What the task asks => Skip the pictures. Give all the data again exactly.

Information supplied =>
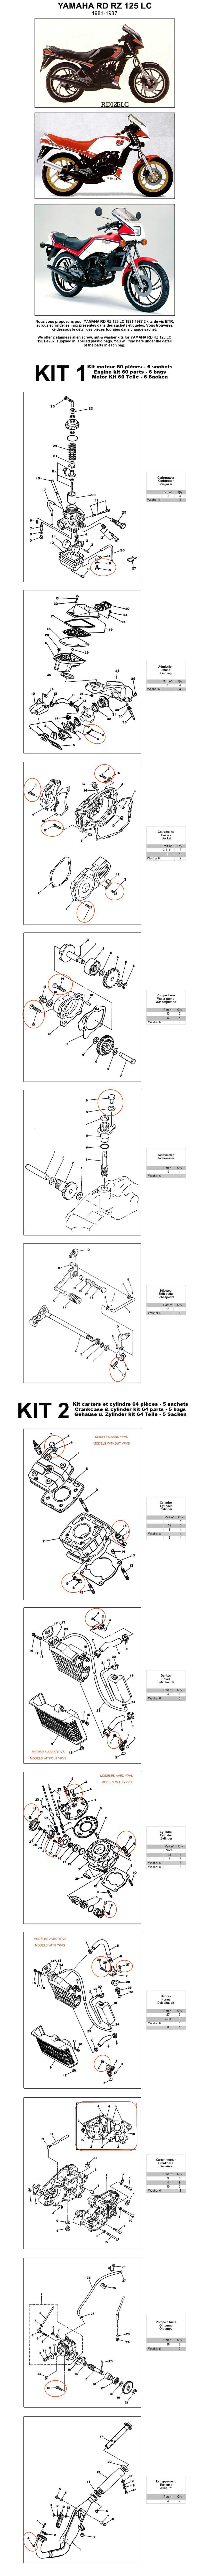 Cb1100f Wiring Diagram 1983 Honda Cb1100 Super Sport Wiring
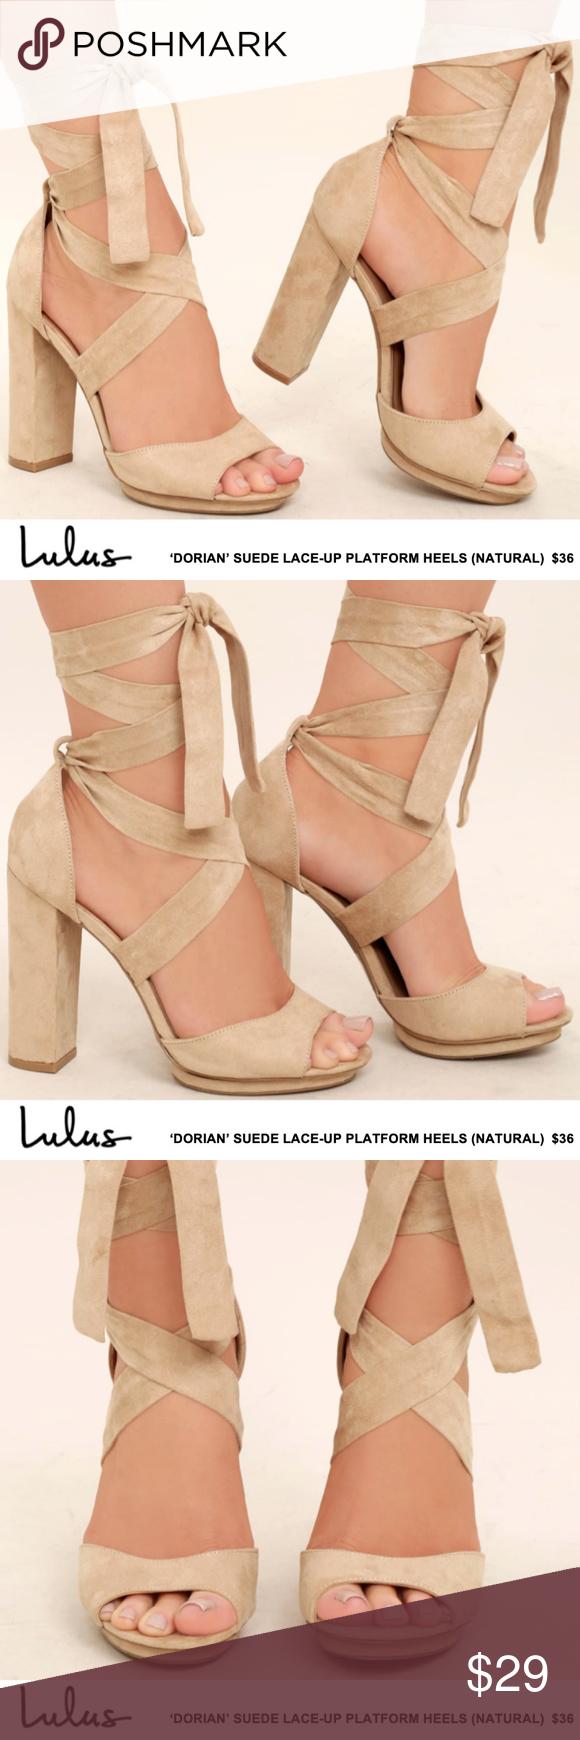 70c746a007b NWOT: Lulus - 'Dorian' Suede Lace-Up Platform Heel 'Dorian' Suede ...
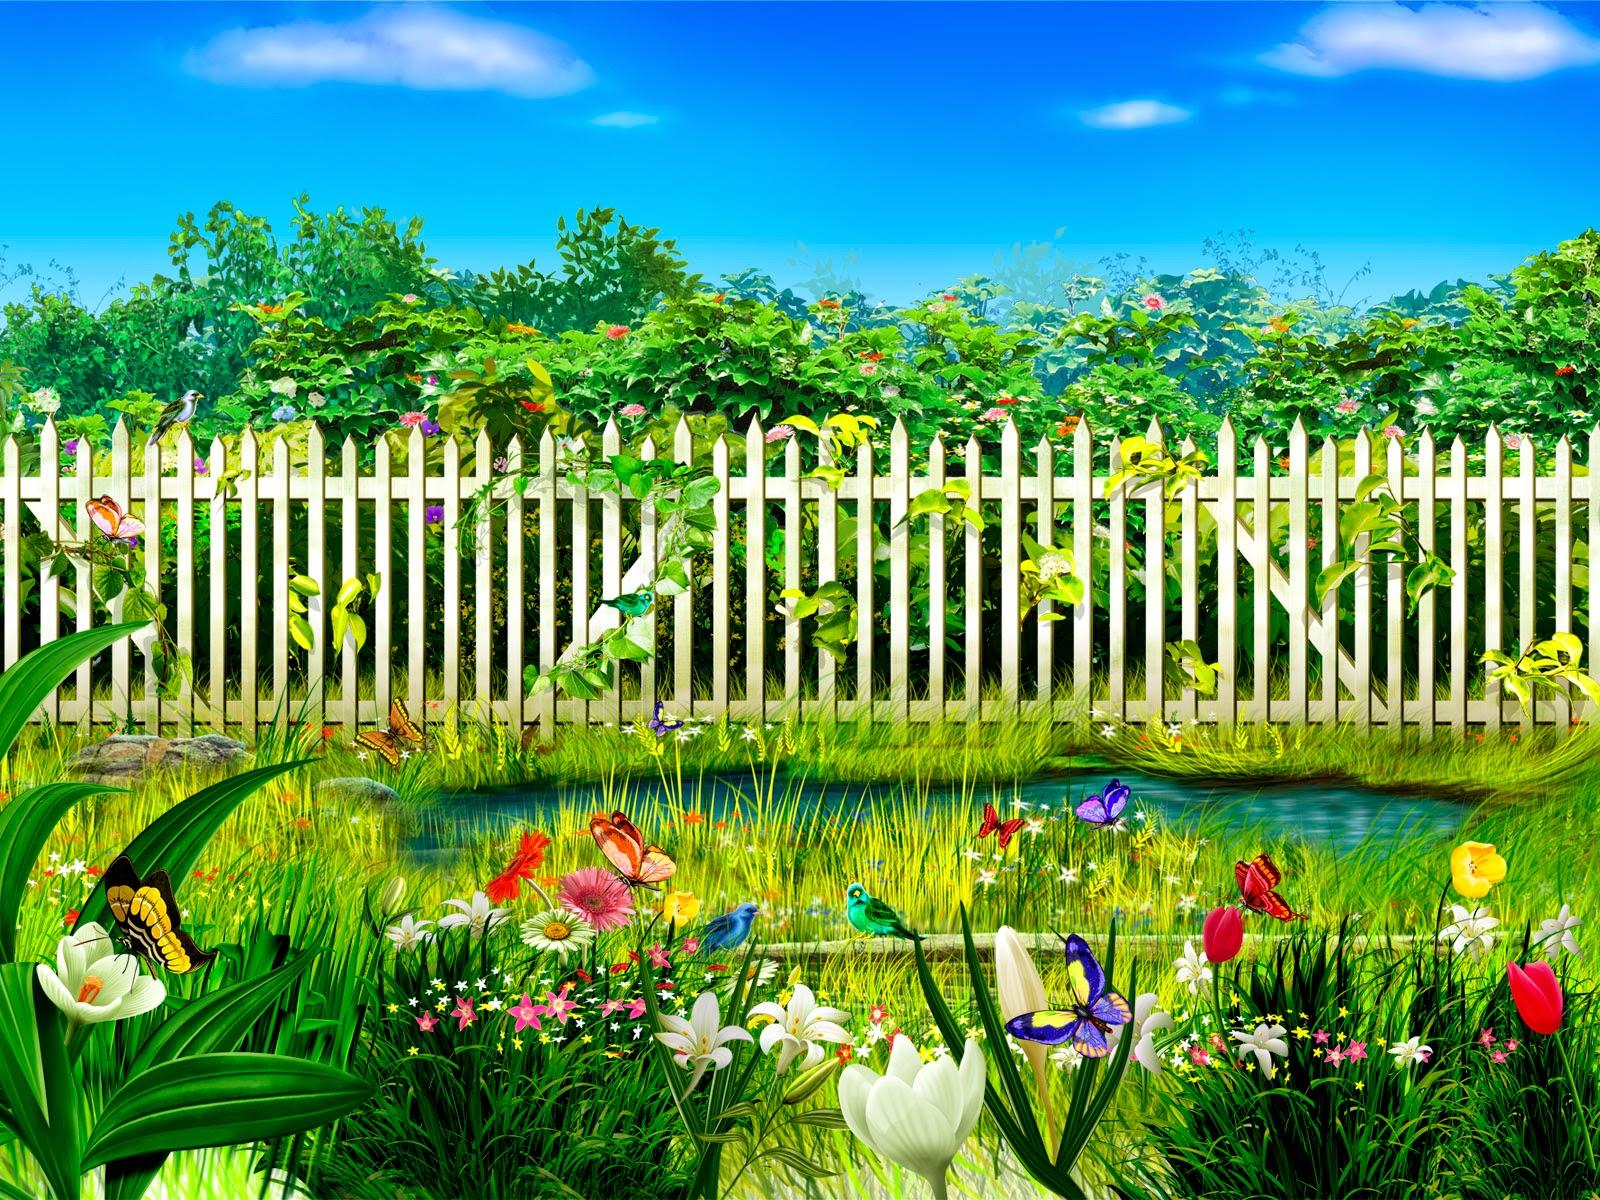 Flower Garden Wallpaper Background flower garden wallpaper love flowers wallpapers h throughout

Answer space =>
 Cb1100f Wiring Diagram 1983 Honda Cb1100 Super Sport Wiring
 70c746a007b NWOT: Lulus - 'Dorian' Suede Lace-Up Platform Heel 'Dorian' Suede ...
 Flower Garden Wallpaper Background flower garden wallpaper love flowers wallpapers h throughout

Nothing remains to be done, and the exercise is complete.